* [THE DATA]:
+ + + + + + +

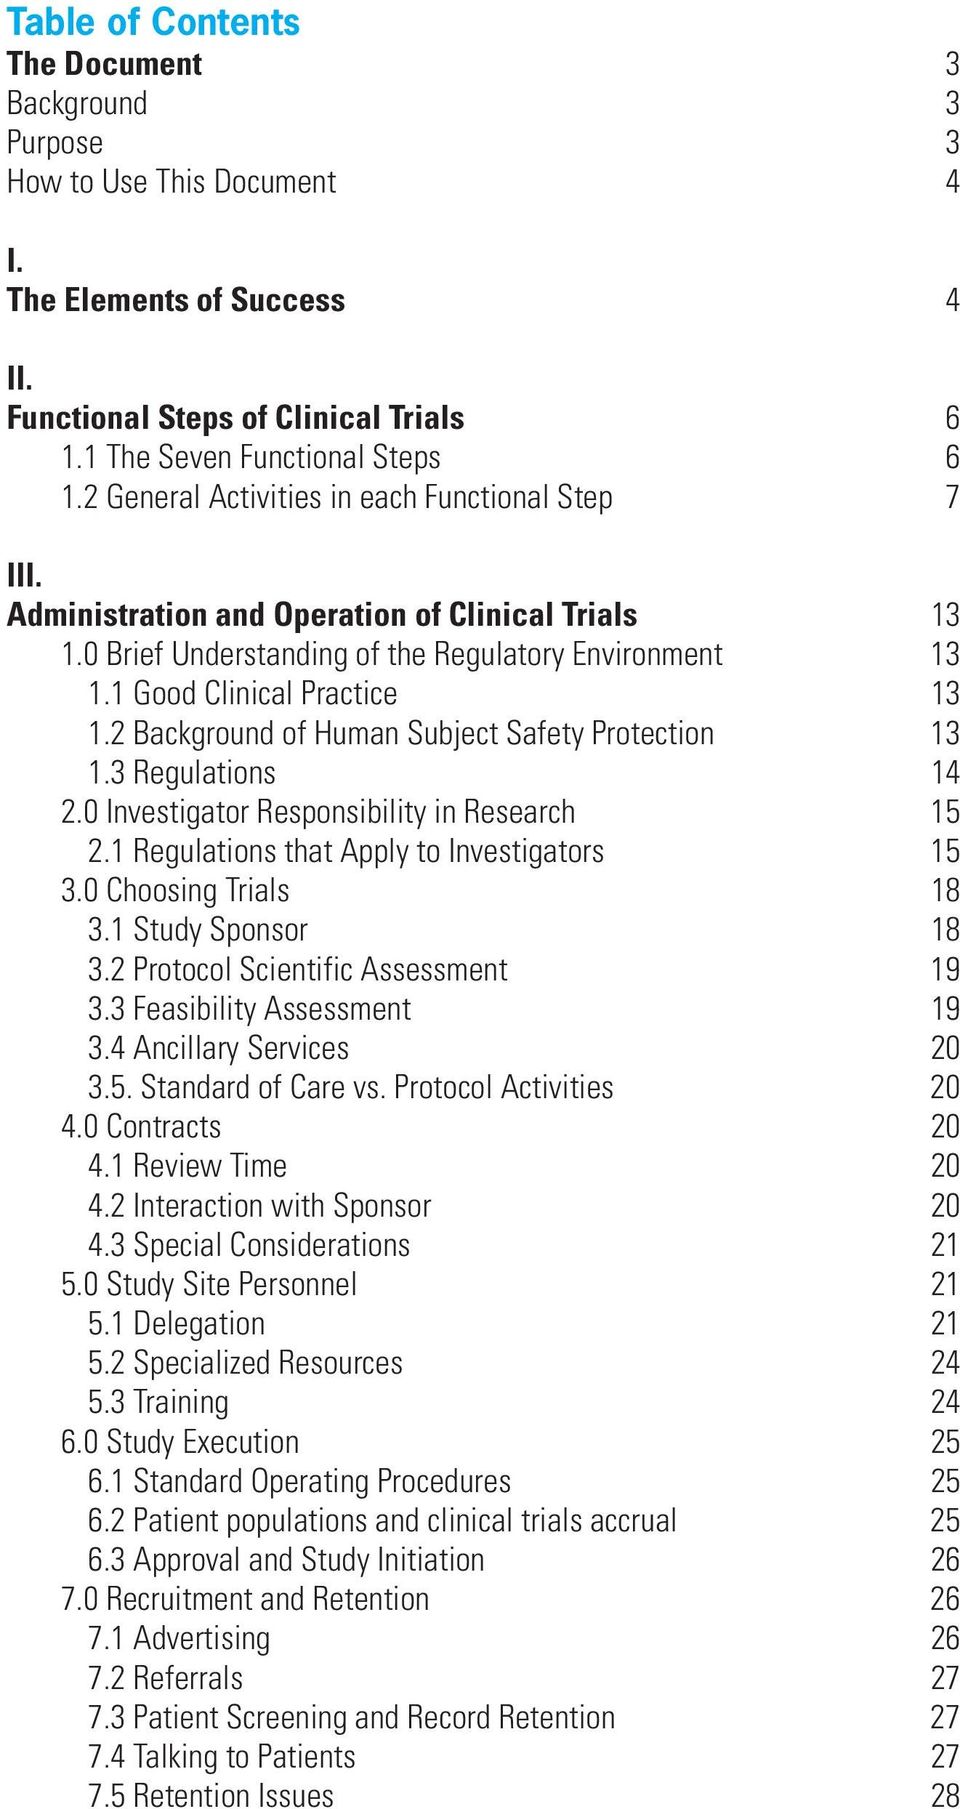 2 Background of Human Subject Safety Protection 13 1.3 Regulations 14 2.0 Investigator Responsibility in Research 15 2.1 Regulations that Apply to Investigators 15 3.0 Choosing Trials 18 3.
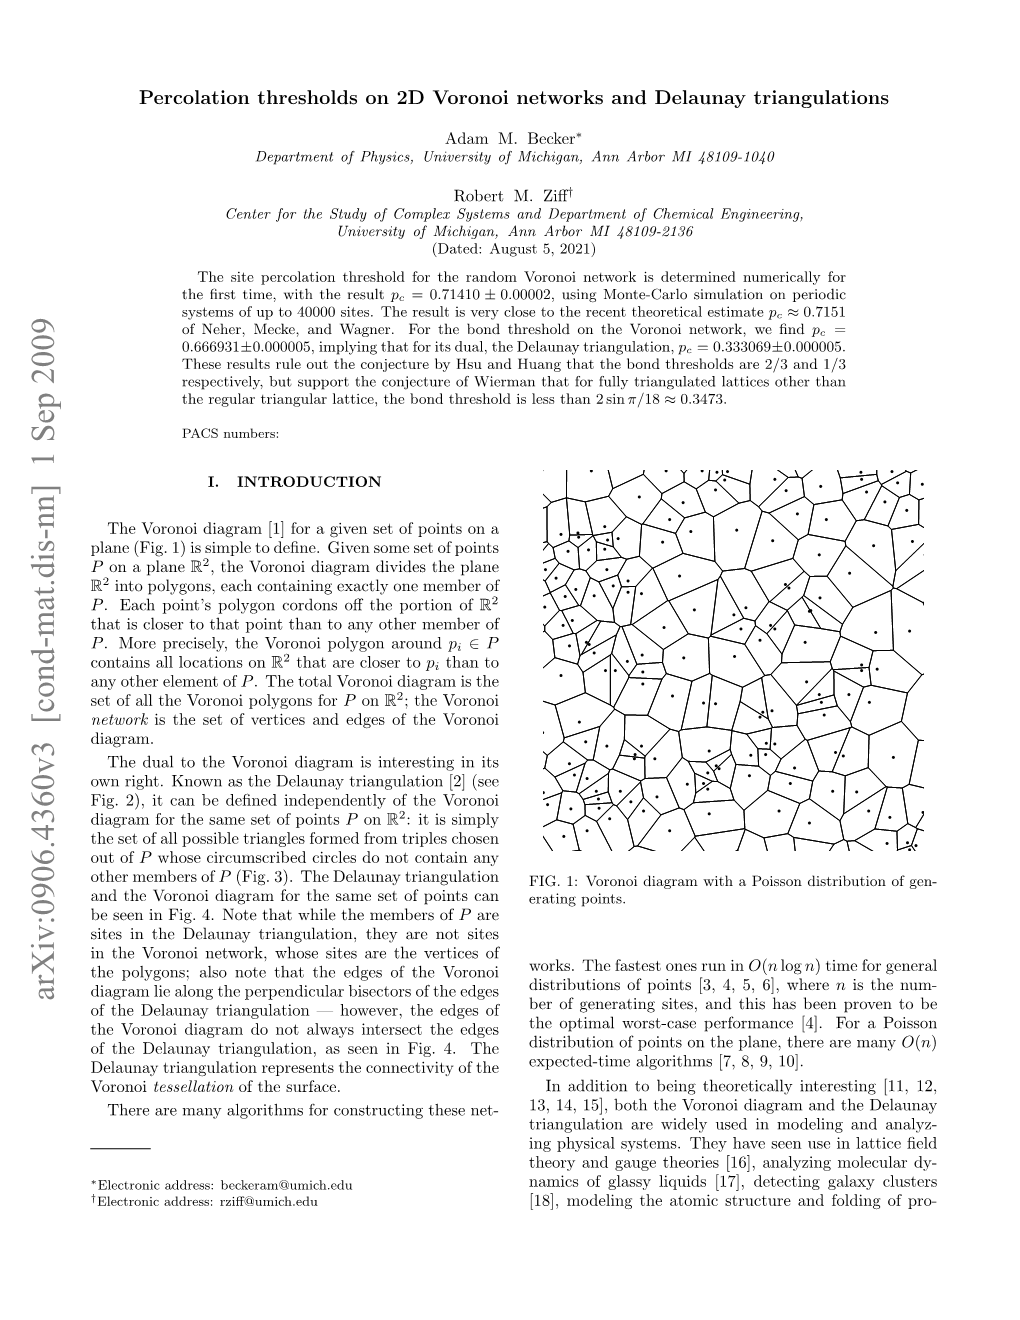 Percolation Thresholds on 2D Voronoi Networks and Delaunay Triangulations
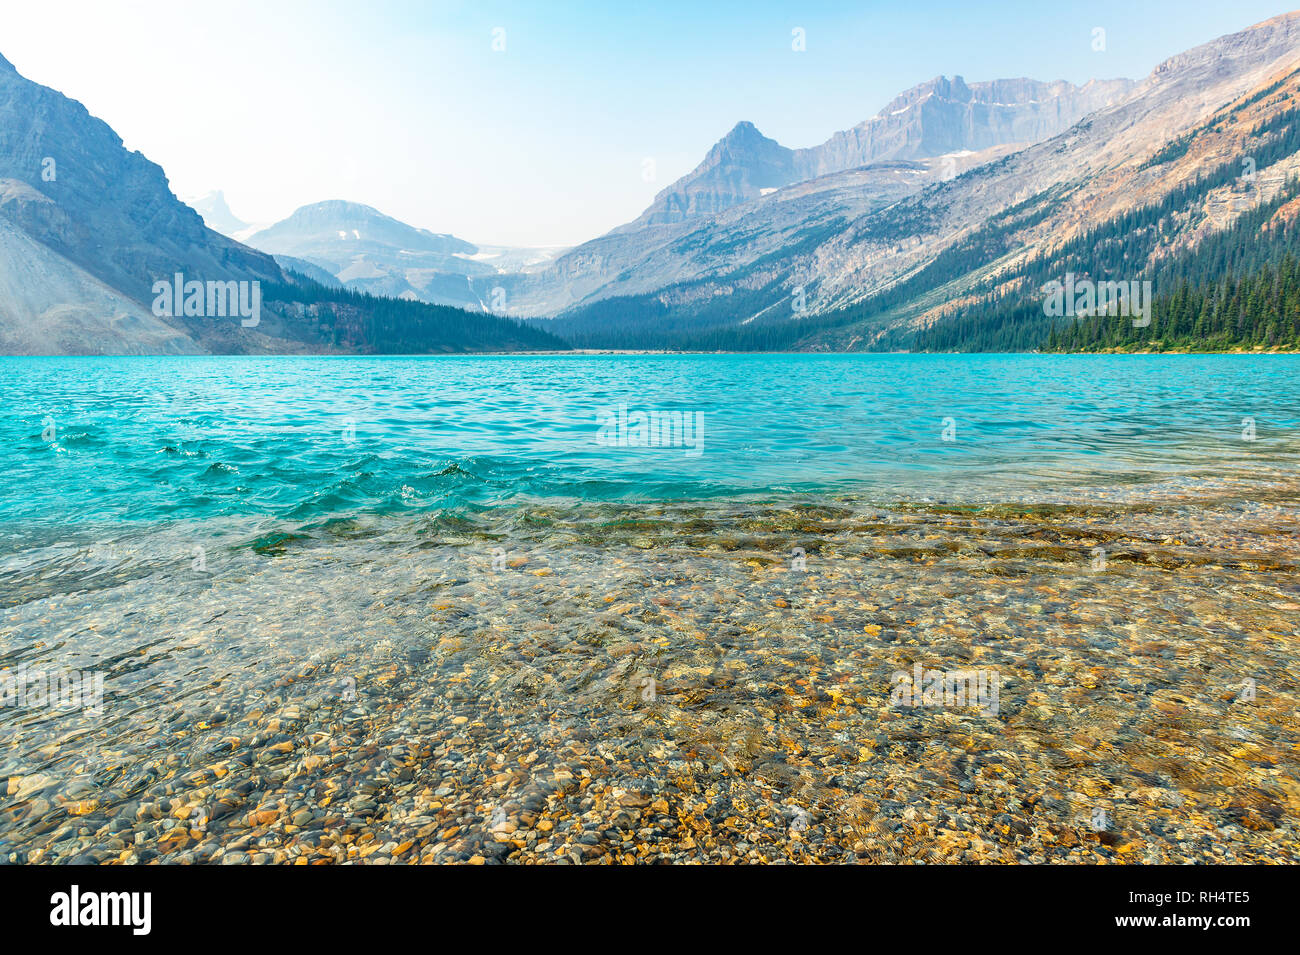 The magnificent turquoise glacier waters of Lake Louise mingling with pure transparent river waters in Banff National Park, Alberta, Canada. Stock Photo
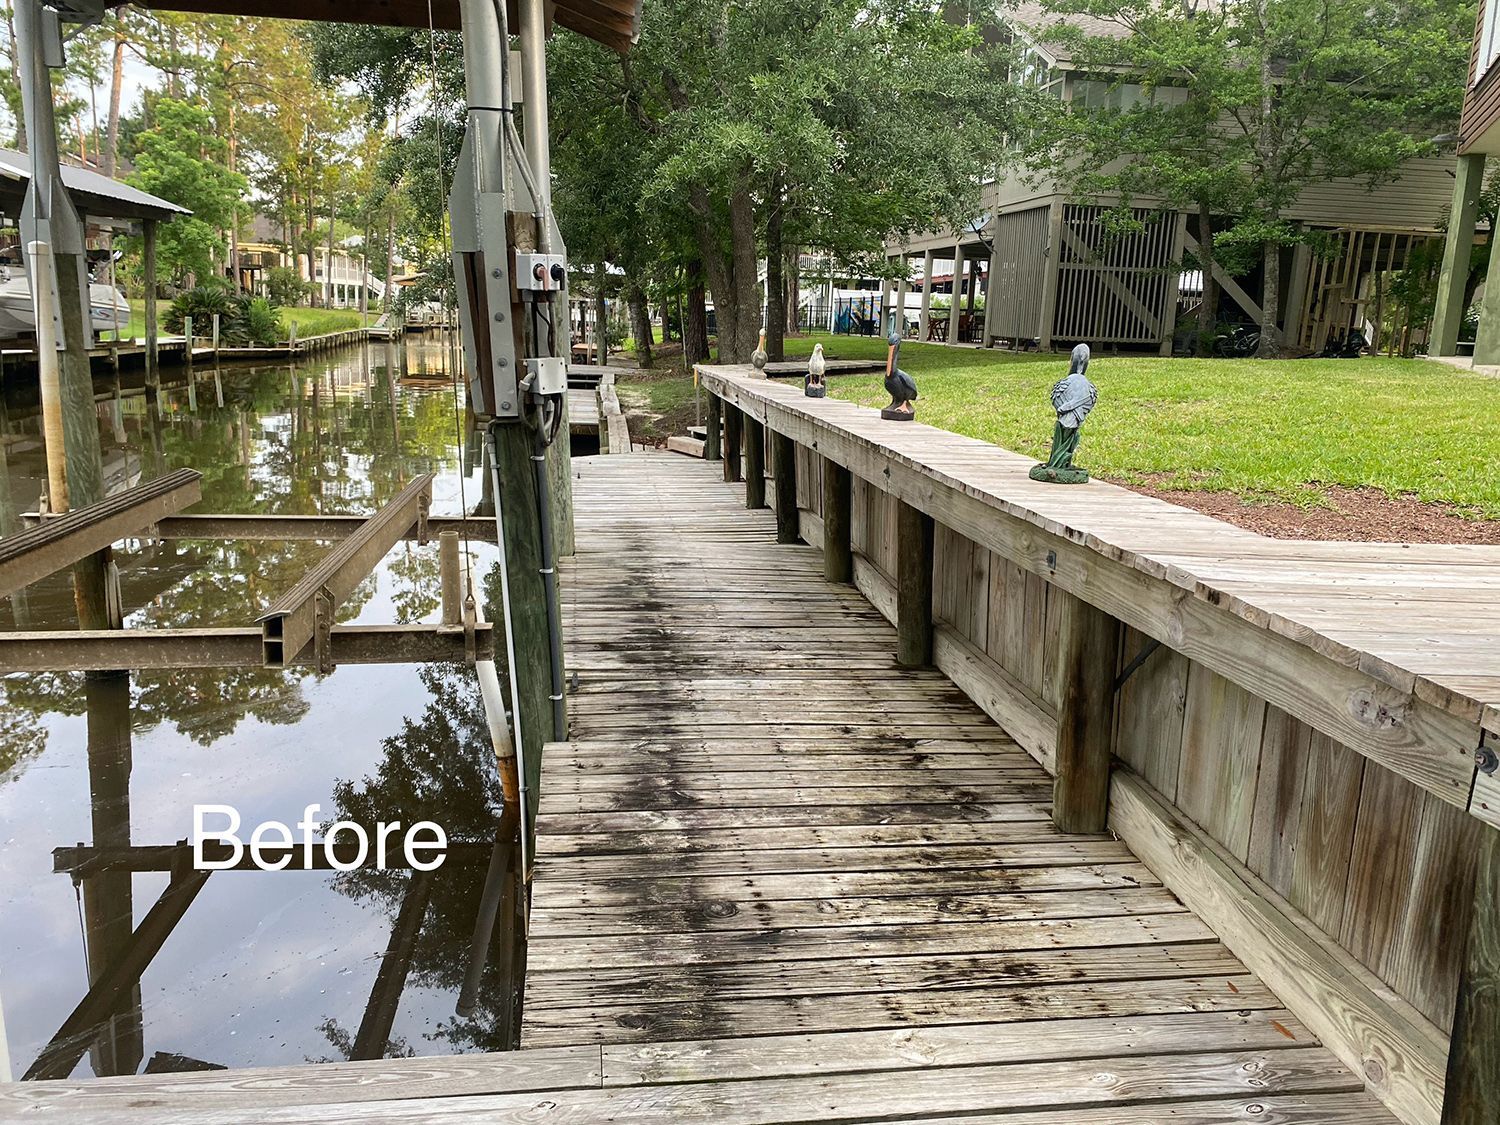 A before photo of a wooden dock next to a body of water

+ + + + + + +

* [EXERCISE GOAL]:
Restate each line above exactly, keeping pictures out.

* [WRITTEN SOLUTION]:
 2 Background of Human Subject Safety Protection 13 1.3 Regulations 14 2.0 Investigator Responsibility in Research 15 2.1 Regulations that Apply to Investigators 15 3.0 Choosing Trials 18 3.
 Percolation Thresholds on 2D Voronoi Networks and Delaunay Triangulations
 The magnificent turquoise glacier waters of Lake Louise mingling with pure transparent river waters in Banff National Park, Alberta, Canada. Stock Photo
 A before photo of a wooden dock next to a body of water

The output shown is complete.